--- SOURCE DATA ---

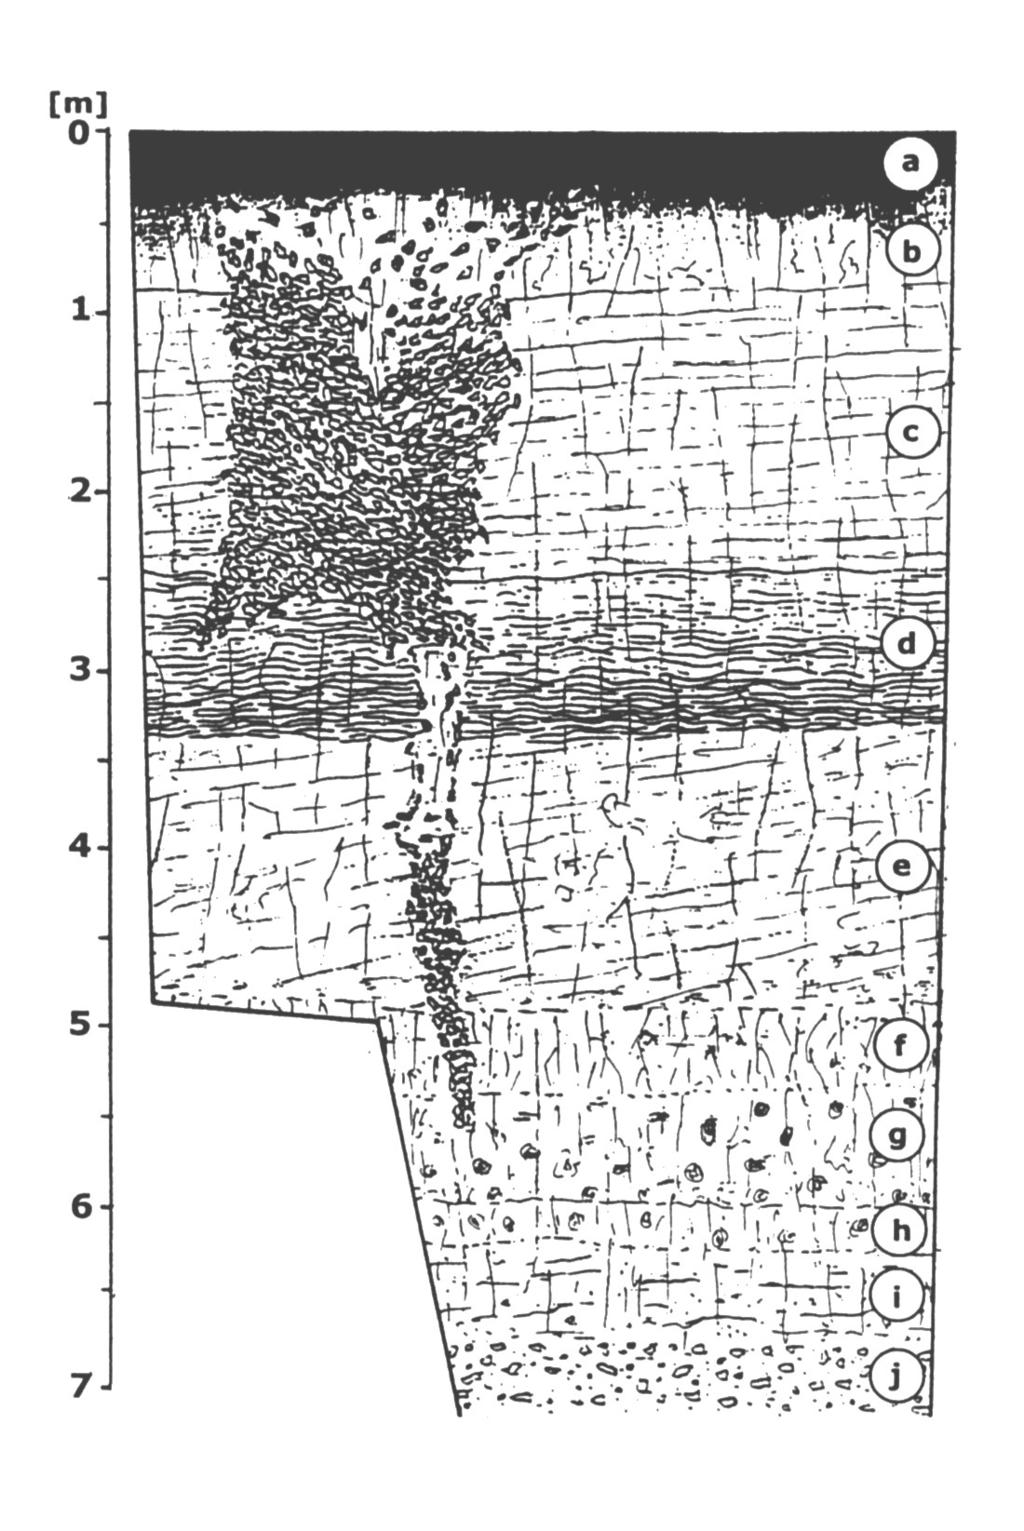 Ryc. 1 Schemat litologiczno-strukturalny odsłonięcia lessów w Złotoryi (objaśnienia w tekście).
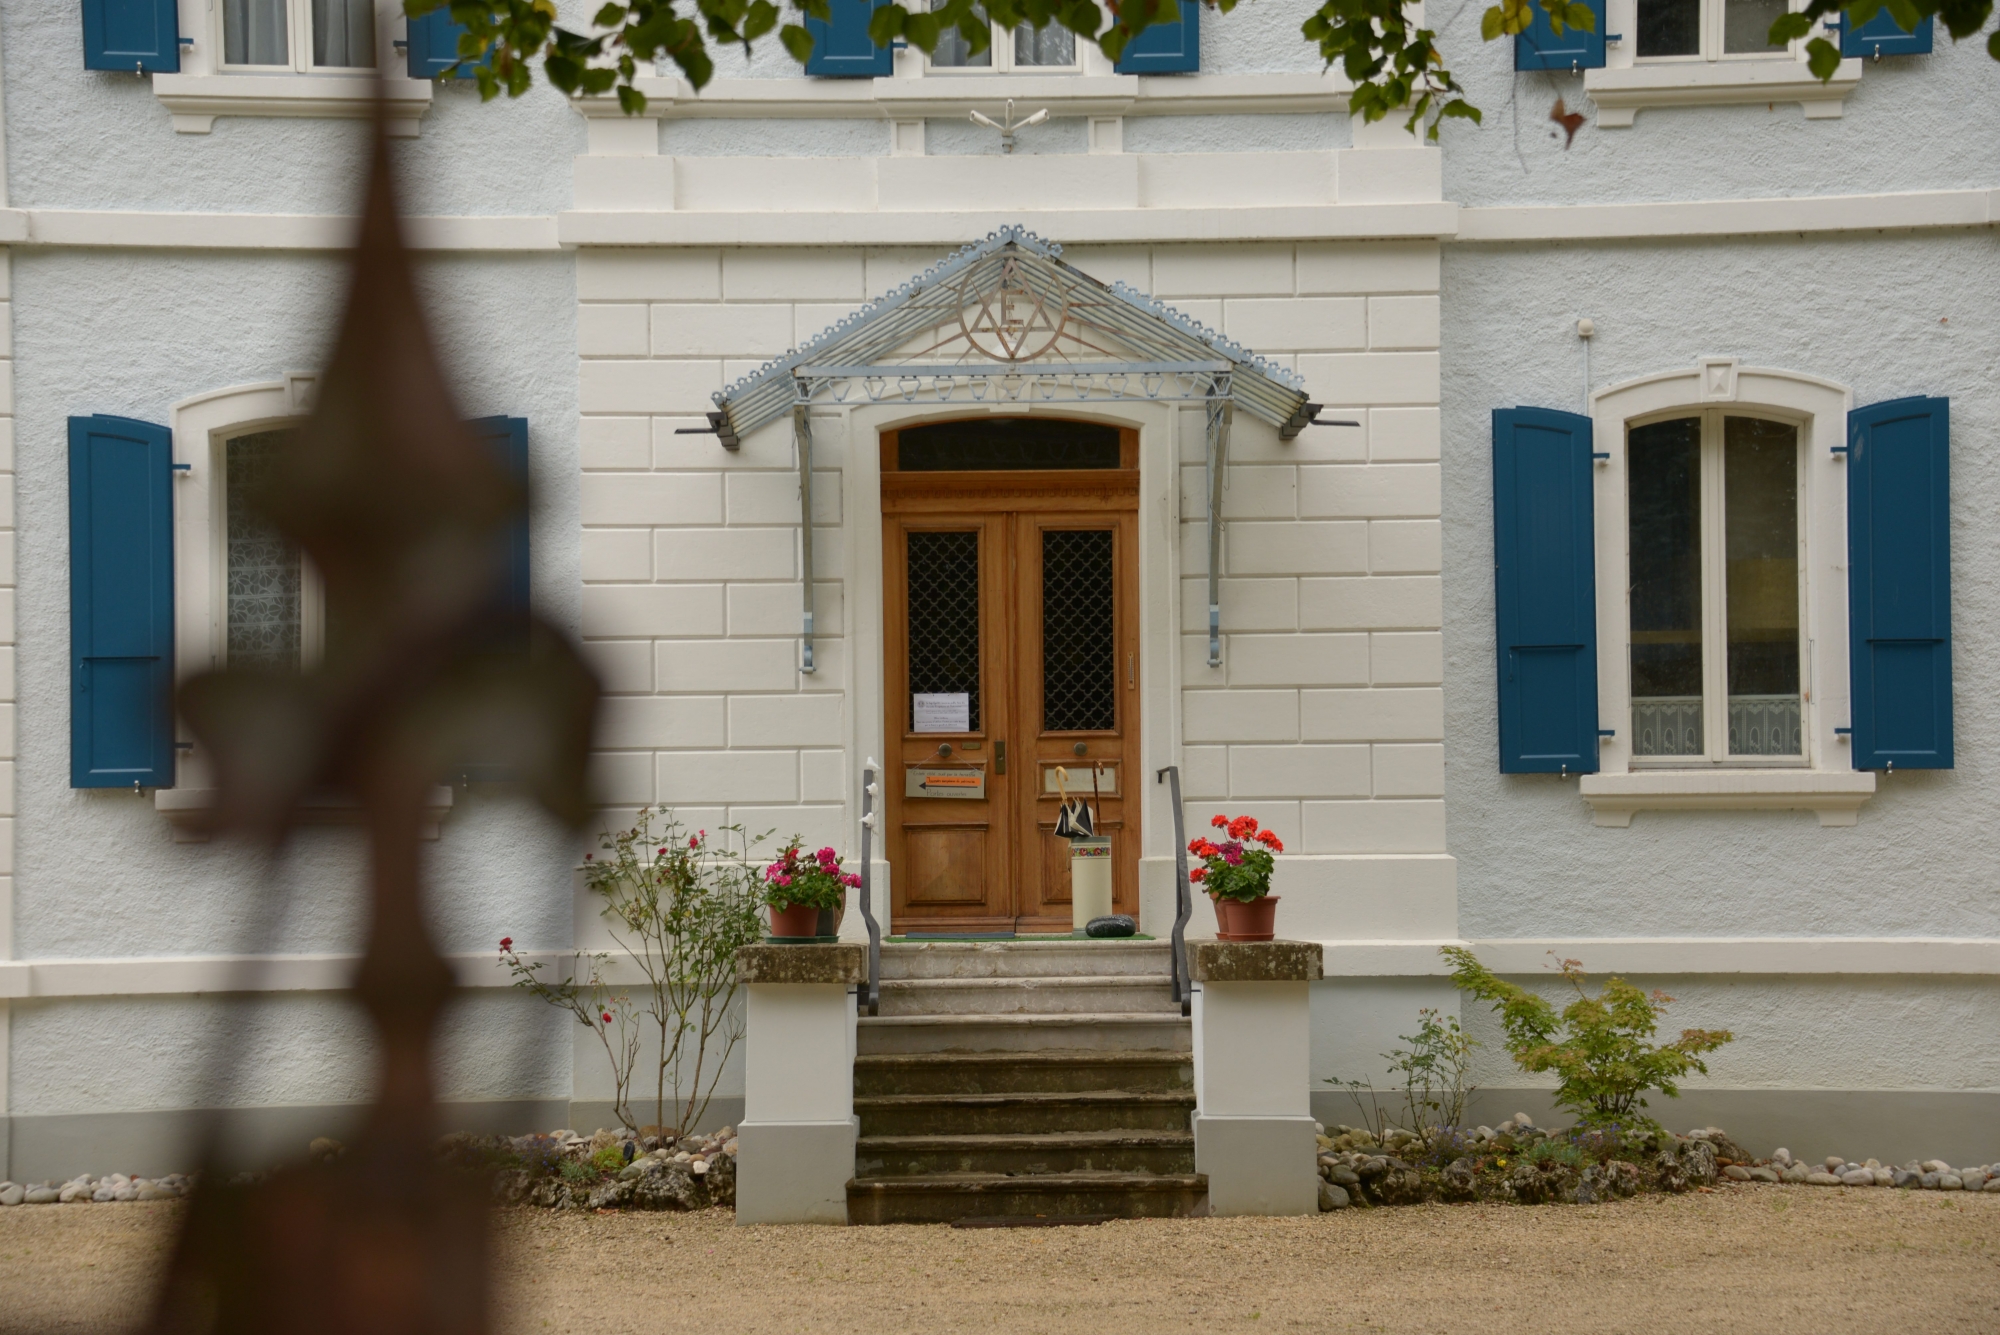 L'entrée de la maison bâtie par les francs-maçons de Fleurier. On y distingue plusieurs symboles juste au dessus de la porte d'entrée.
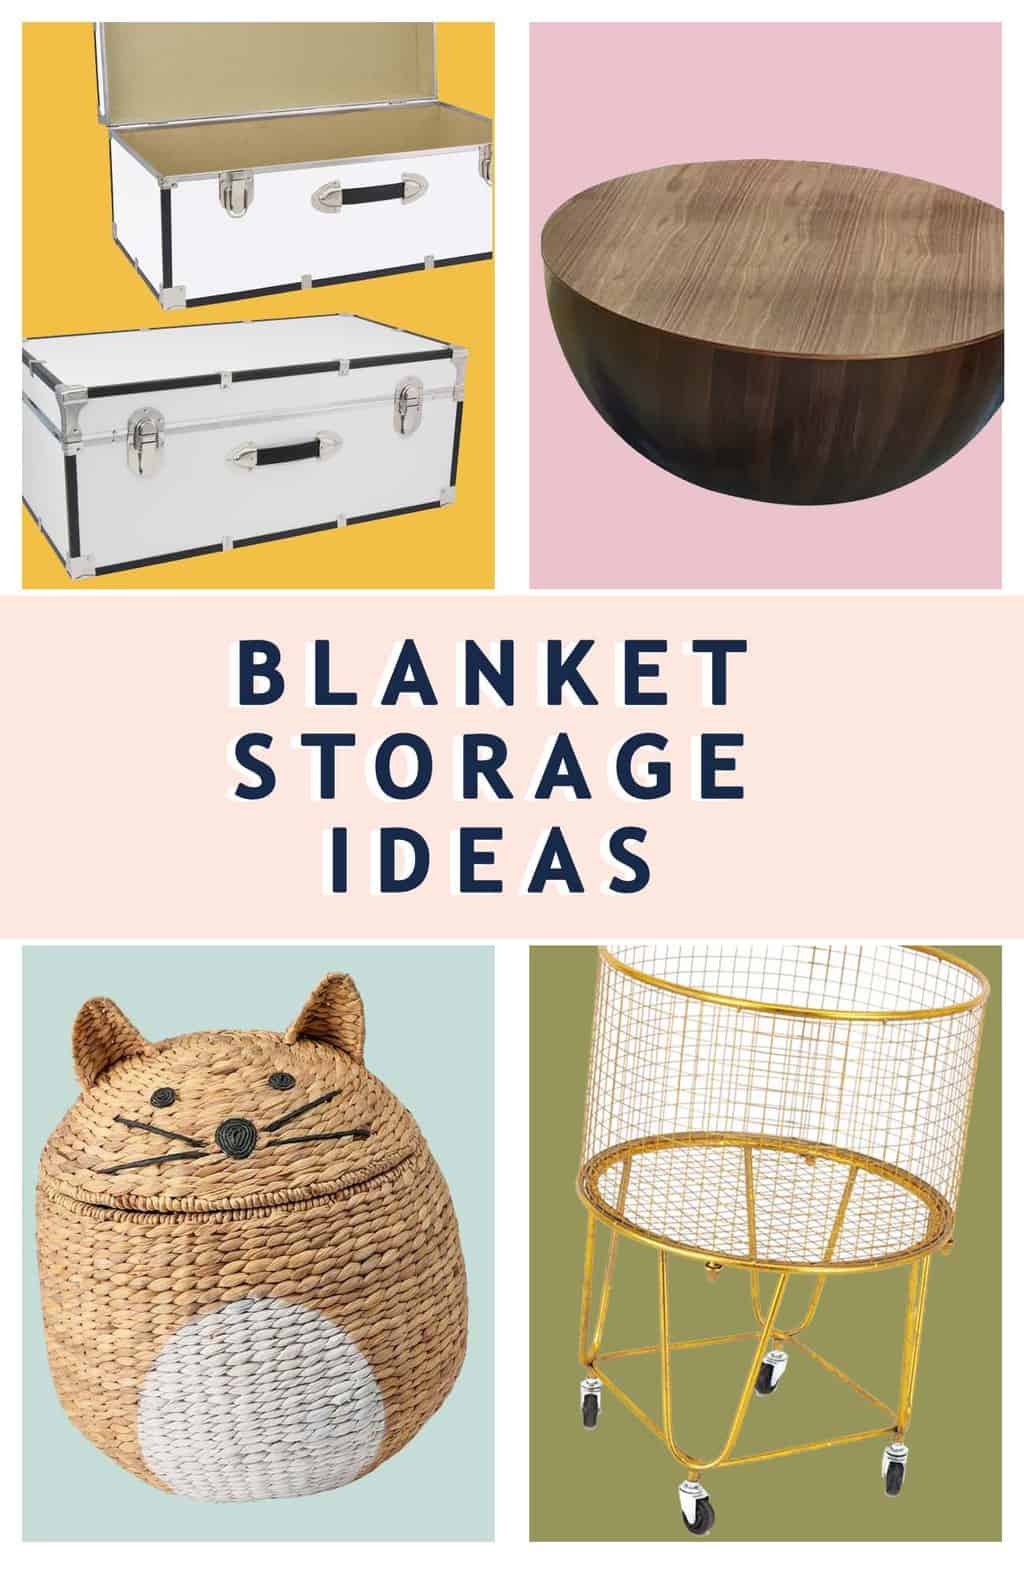 Blanket Storage Ideas by Sugar & Cloth
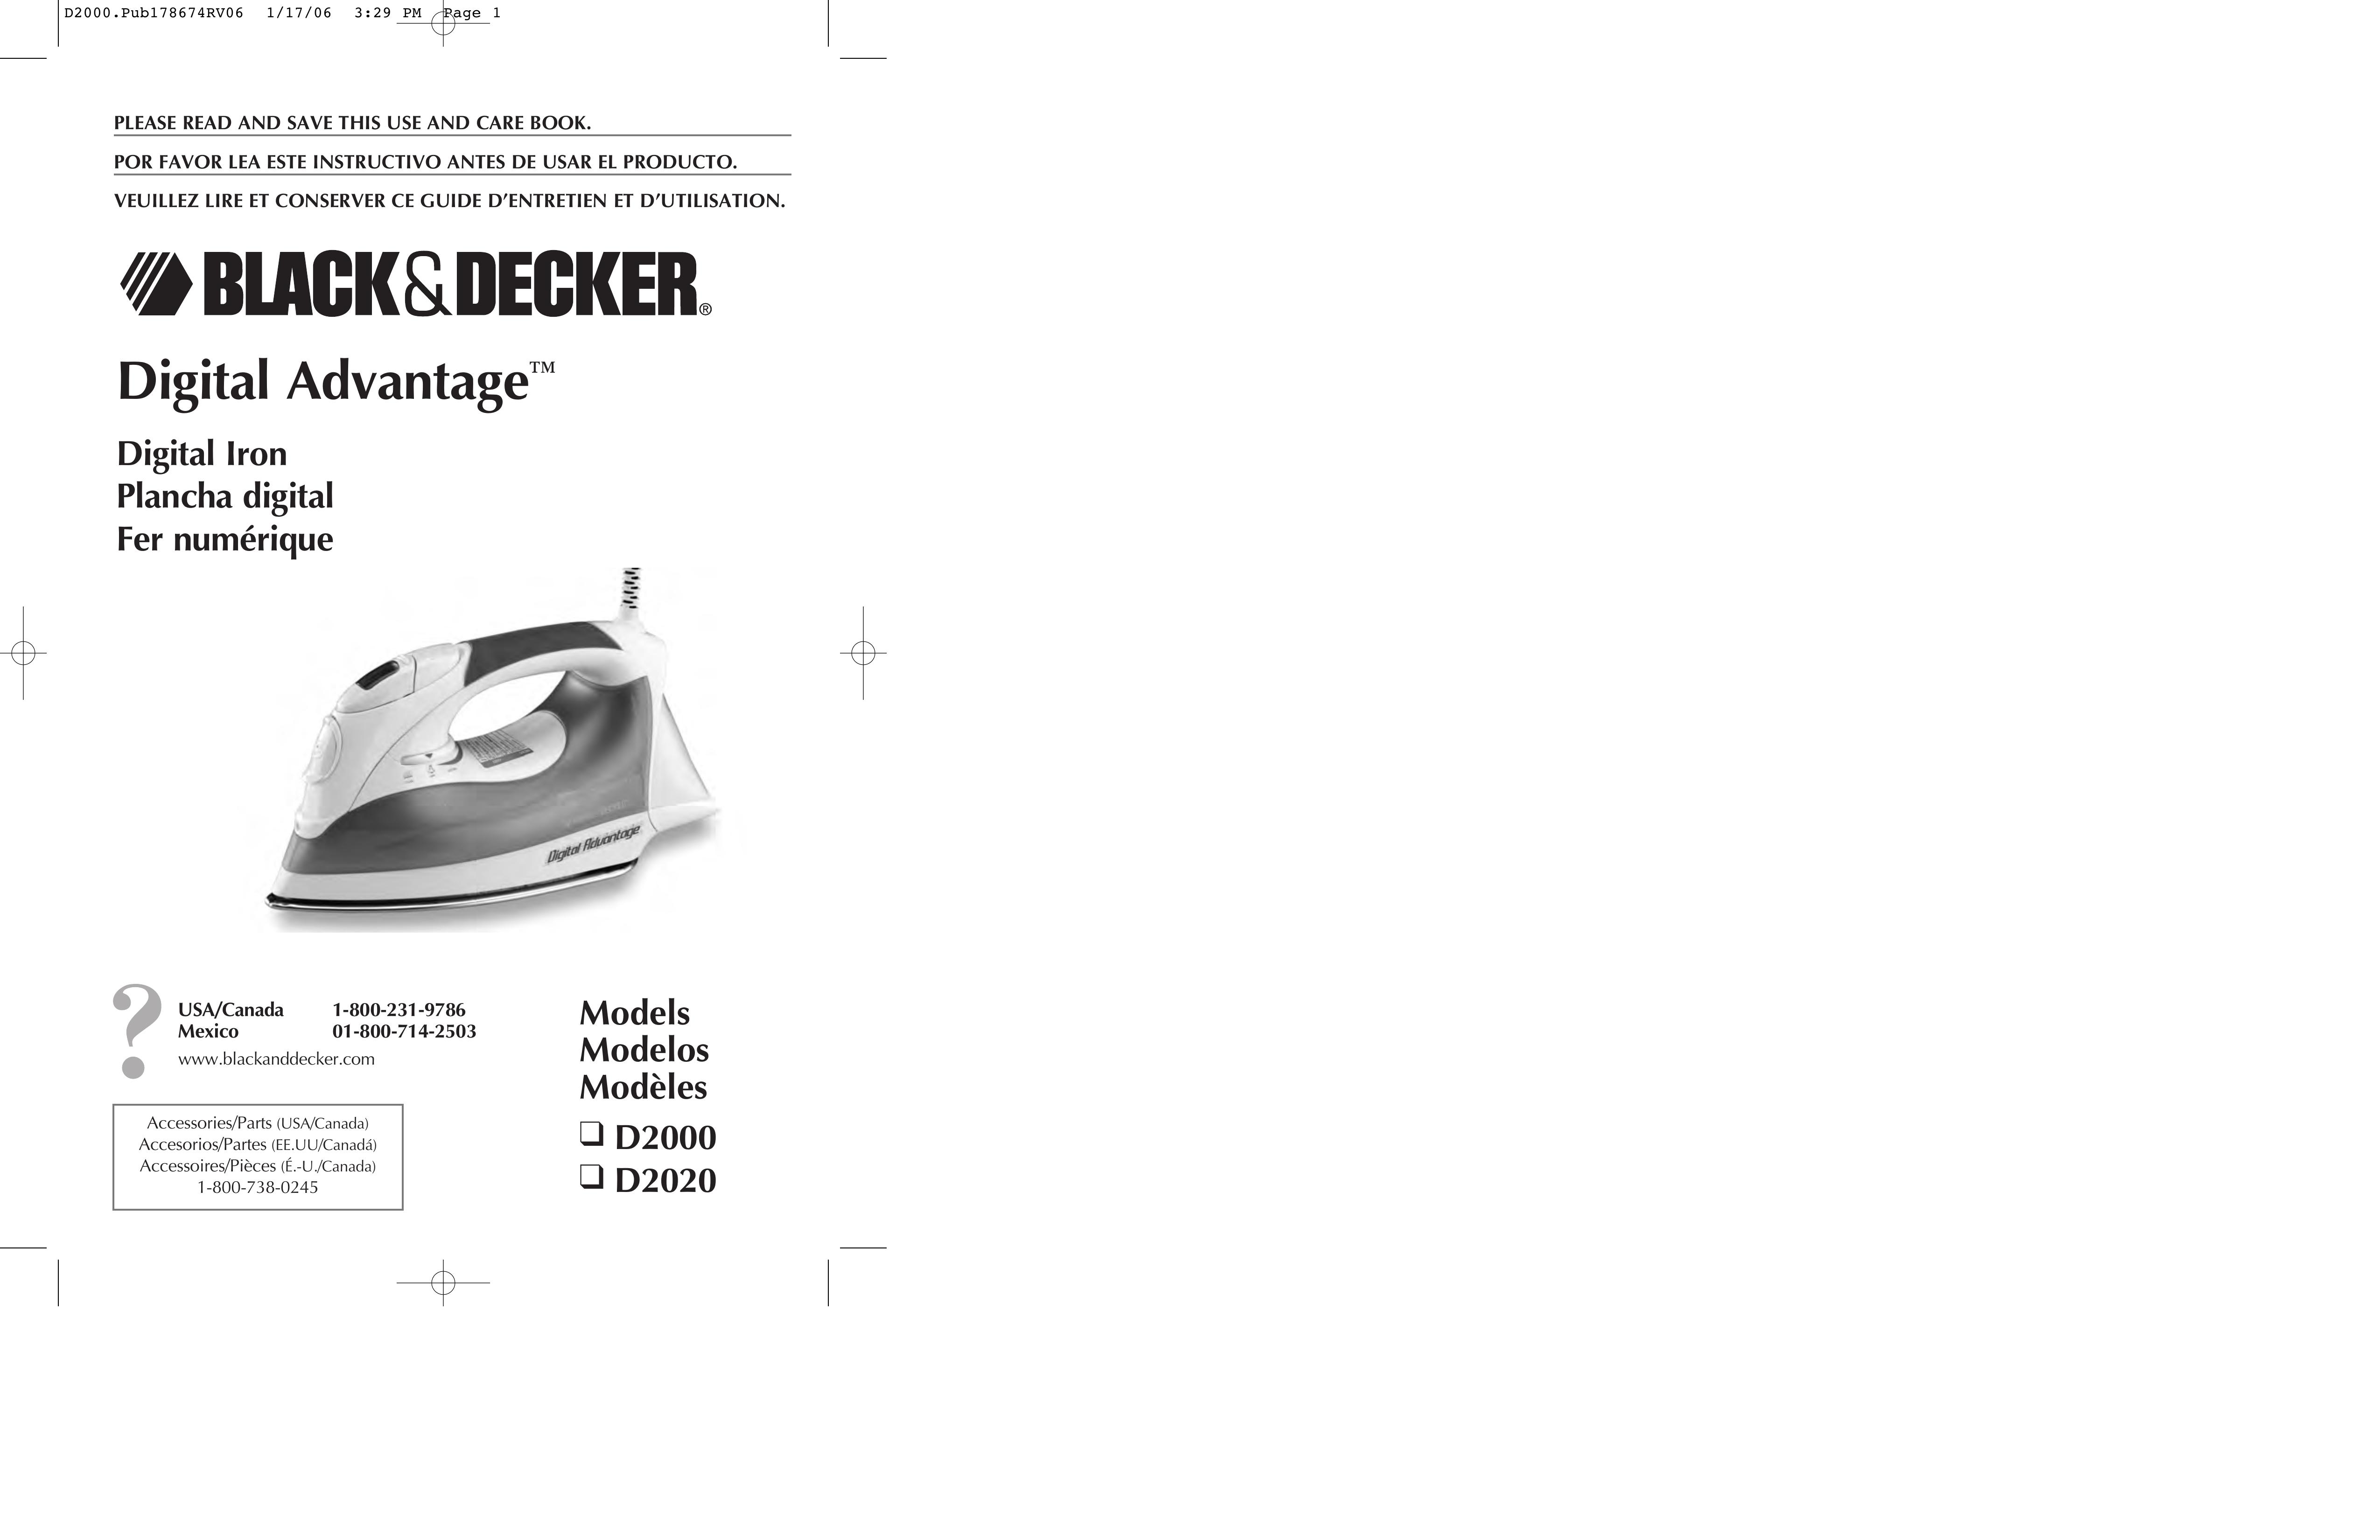 Black & Decker D2020 Iron User Manual

---

EXERCISE BRIEF
All lines of the listing must be given again exactly, excluding the pictures.

ANSWER SPACE
 Ryc. 1 Schemat litologiczno-strukturalny odsłonięcia lessów w Złotoryi (objaśnienia w tekście).
 L'entrée de la maison bâtie par les francs-maçons de Fleurier. On y distingue plusieurs symboles juste au dessus de la porte d'entrée.
 Blanket Storage Ideas by Sugar & Cloth
 Black & Decker D2020 Iron User Manual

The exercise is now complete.